You then have the option of reviewing the duplicate files, and then deleting them. It’s great for finding duplicates in your MP3, image or movie collections. Versions 0.09 and down were written in Java 1.5 but the latest release I’m working on will be written with the .NET Framework 2.0
SourceForge.net


dupliFinder 0.09
dupliFinder 0.09 on Windows XP

dupliFinder is free, open source software © Marcus Wynwood


If you like it, buy me a beerVB
I’d like to donate $
so you can buy yourself a cold one

Your comments:


Running .JAR files on Windows and Linux
Windows XP
I think that Java 1.5 does all this for you, but if it doesn’t all you need to do is make sure that .jar is associated with “javaw”. One way to do this is to:

  1. Open up your control panel
  2. Open “Folder Options”
  3. Click the “File Types” tab
  4. Select the JAR extension from the list. If a jar extension can not be found, create a new one, and then select it.
  5. Click the Advanced button under the details panel.
  6. Select the open action and click edit, or create a new action for open if there isn’t one.
  7. Make sure that the “Application to perform the action” is: "c:\jdk1.5.0\jre\bin\javaw.exe" -jar "%1" %* The default path is “c:\jdk1.5.0\jre\bin” so you’ll have to change it if you installed Java somewhere else.

Linux
I think that Java 1.5 does all this for you, but if it doesn’t all you need to do is make sure that .jar files are associated with “java -jar“. If your distro uses Gnome, you can just right click and go “Open With...” to set this up.


Project Statistics

More stats here…

30 Responses to “dupliFinder”

  1. Nathan says:

    April 18th, 2005 at 12:12 pm

    Exception in thread “AWT-EventQueue-0″ java.lang.OutOfMemoryError: Java heap space

    Perhaps because it found too many duplicates: over 1000 as reported by another duplicate finder. The duplicates are across about 5 checksums, it appears. dupliFinder finds and prints text about matches until it dies.

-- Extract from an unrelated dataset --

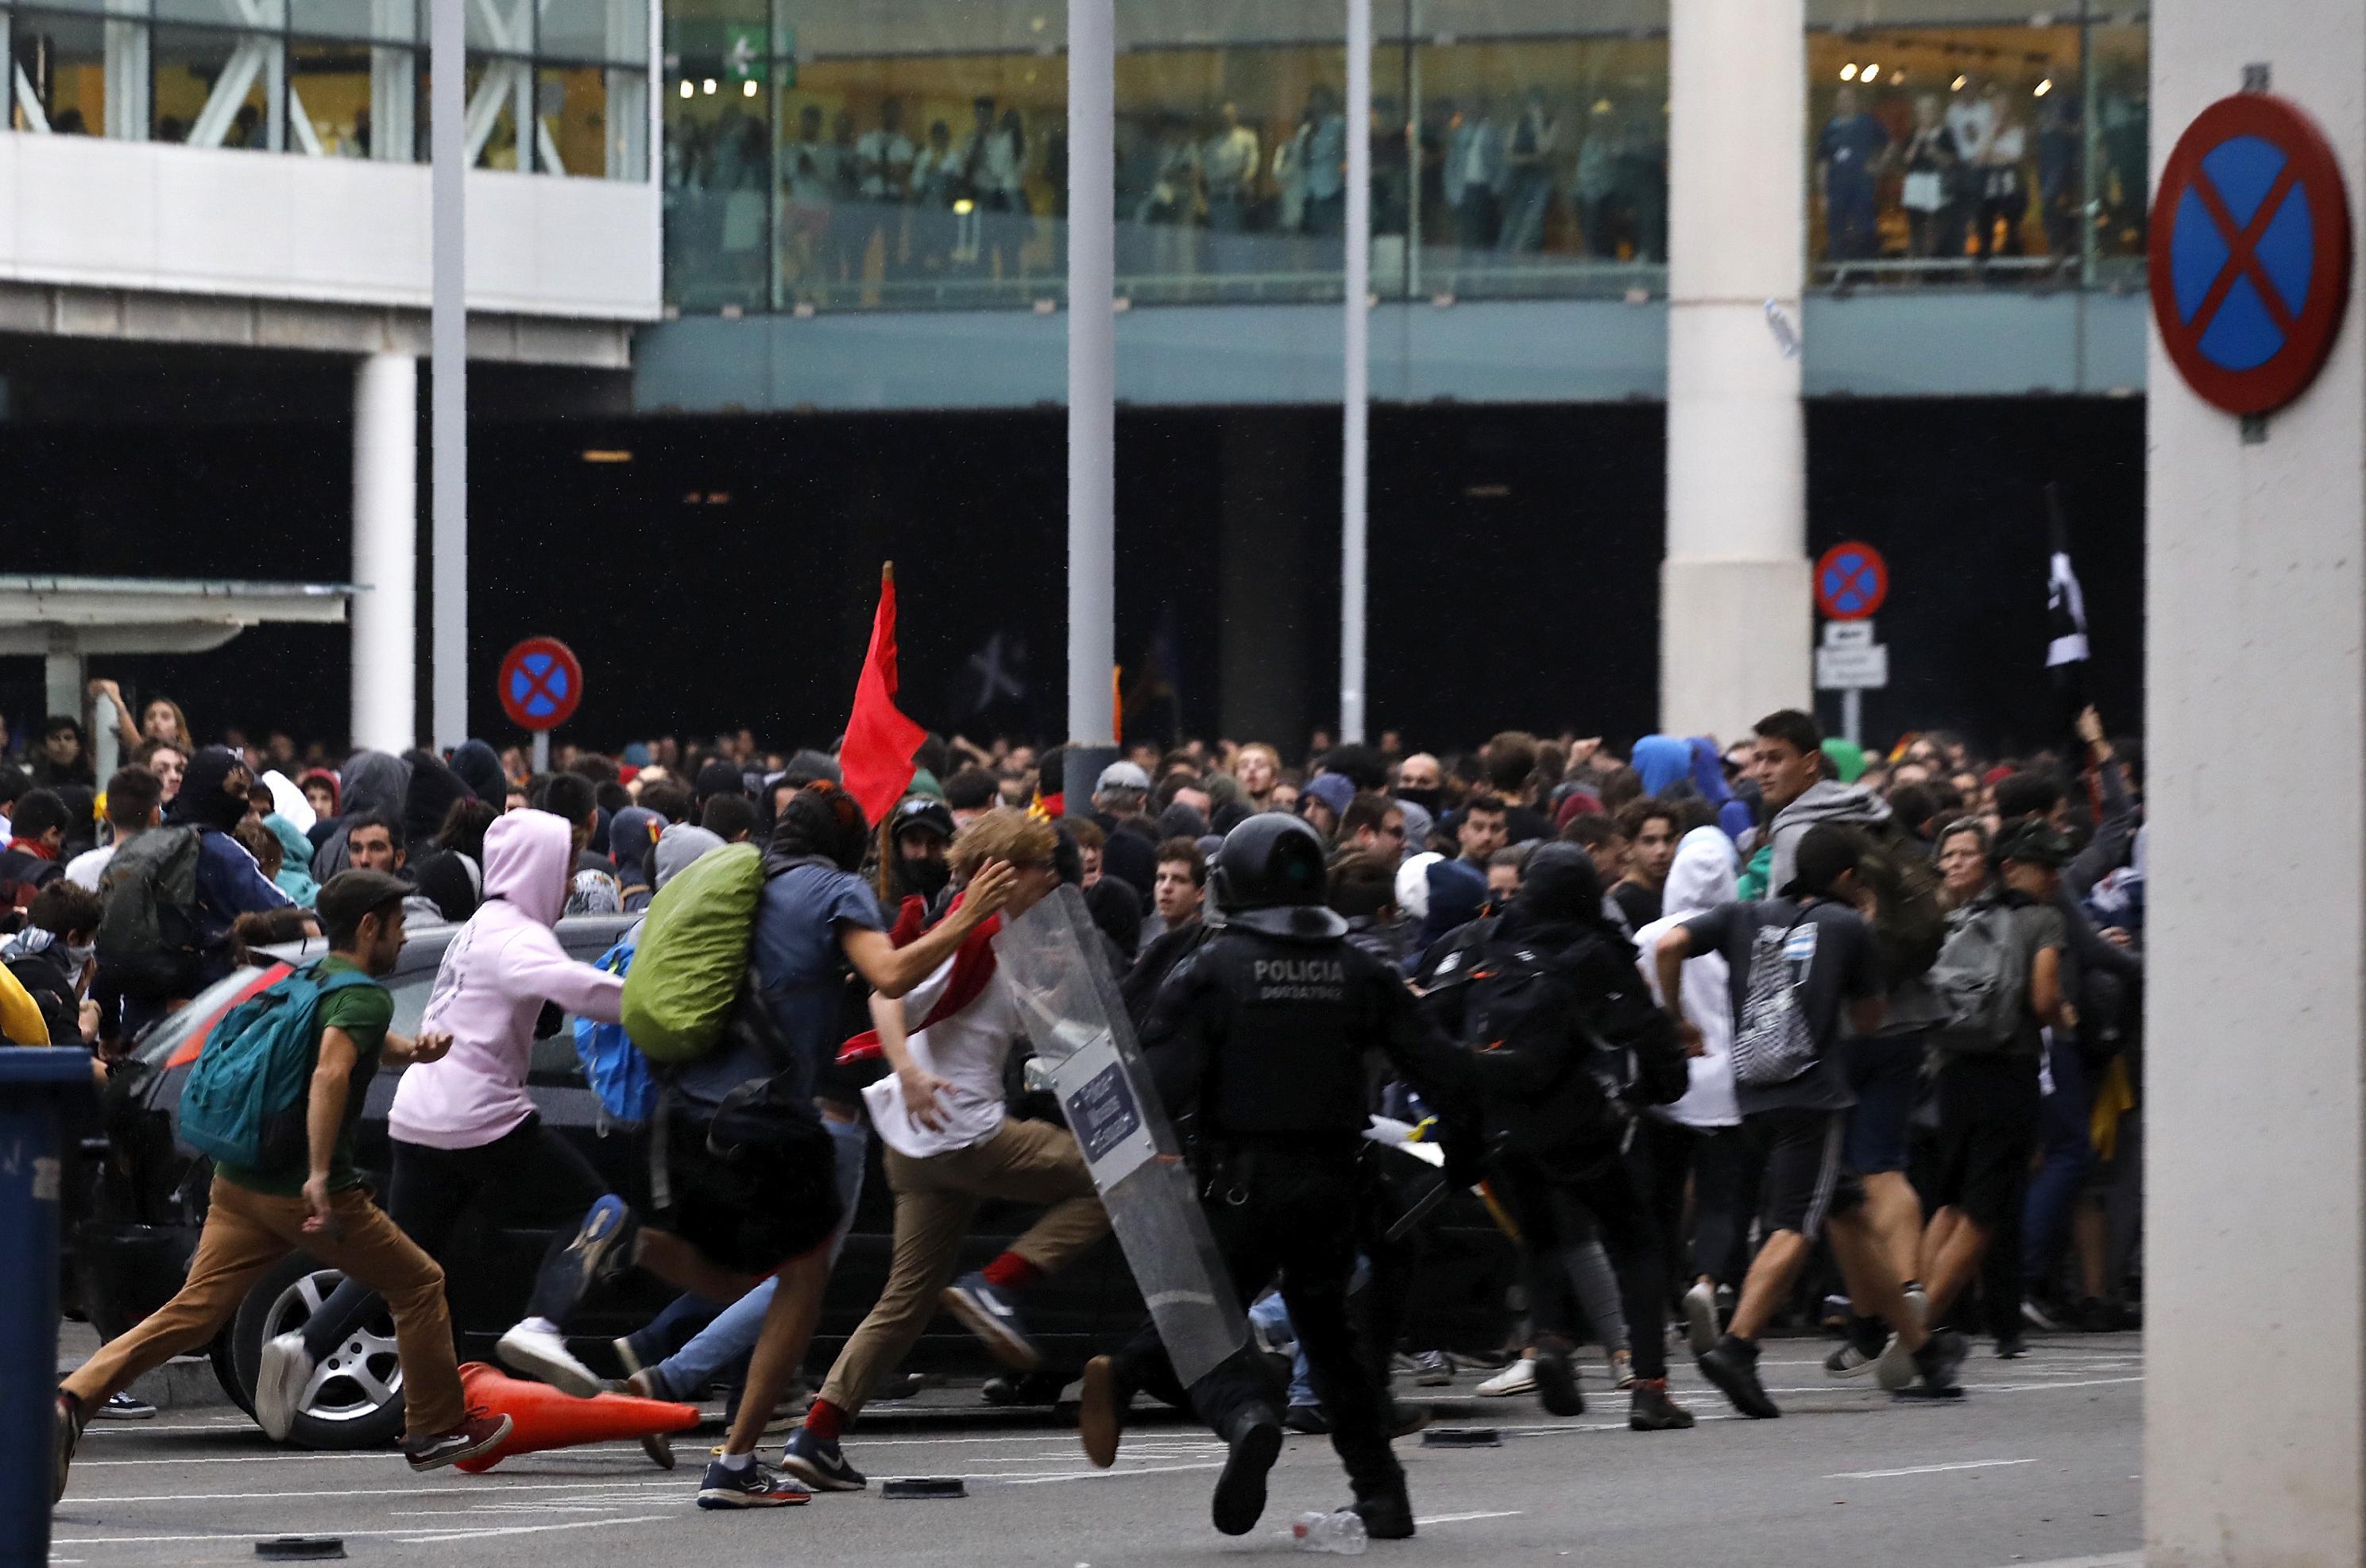 Protesta të dhunshme në Barcelonë, manifestuesit përleshen me policinë

    After I get the error, the program can’t exit either. I have to kill it. When I try to exit, it just gives another out of memory error.

    My system has 1GB of RAM. I ran dupliFinder with about 280MB free and watch my memory run out.

    It died processing the directory of the program at:
    jtcfrost.sourceforge.net

  2. Mugga says:

    April 18th, 2005 at 5:18 pm

    It looks like I’m not managing memory as well as I could.
    At the moment all the calculations happen in memory, this is fast for small numbers of files, but it looks like it’s no good for lots of files. Maybe I need to use some temp files instead. I might try that in the next verison.
    Thanks for your help - and thanks for trying dupliFinder :-)

  3. Desummoner says:

    April 25th, 2005 at 11:07 am

    Nice project.
    But it can be much more efficient if it first check for size of file.
    I.e. first parse file listing so that only files with duplicate sizes left and then calculate checksums for them.

  4. Bleeter Yaluser says:

    April 25th, 2005 at 4:31 pm

    Just been looking for a *good* duplicate file finder program. Imagine my amazwement when your page turned up! Haven’t tried the program yet, thoguht I’d send out mad greets from Hobart though.

    Cheers,

    Pete.

  5. Mugga says:

    April 25th, 2005 at 7:51 pm

    Thanks Desummoner :-) Version 0.1 has just been released

  6. Pierce says:

    May 9th, 2005 at 1:31 am

    It’ be nice if it did more than found *identical* copies (it’s called duplicate finder afterall).
    FSlint will find indetical copies for me, wht about visually identical or similar files? There
    are a few console apps listed on freshmeat (and several windows apps) that’ll do this
    but nothing cross-platform/linux that’ll let me dblcheck the results visually myself.

  7. Mugga says:

    May 9th, 2005 at 1:24 pm

    duplicate: Identically copied from an original (Dictionary.com)

    dupliFinder will let you preview images and text in the preview frame like in the screenshots. This is good if you wanna look at them yourself, but maybe you mean something that finds files that are *nearly* the same?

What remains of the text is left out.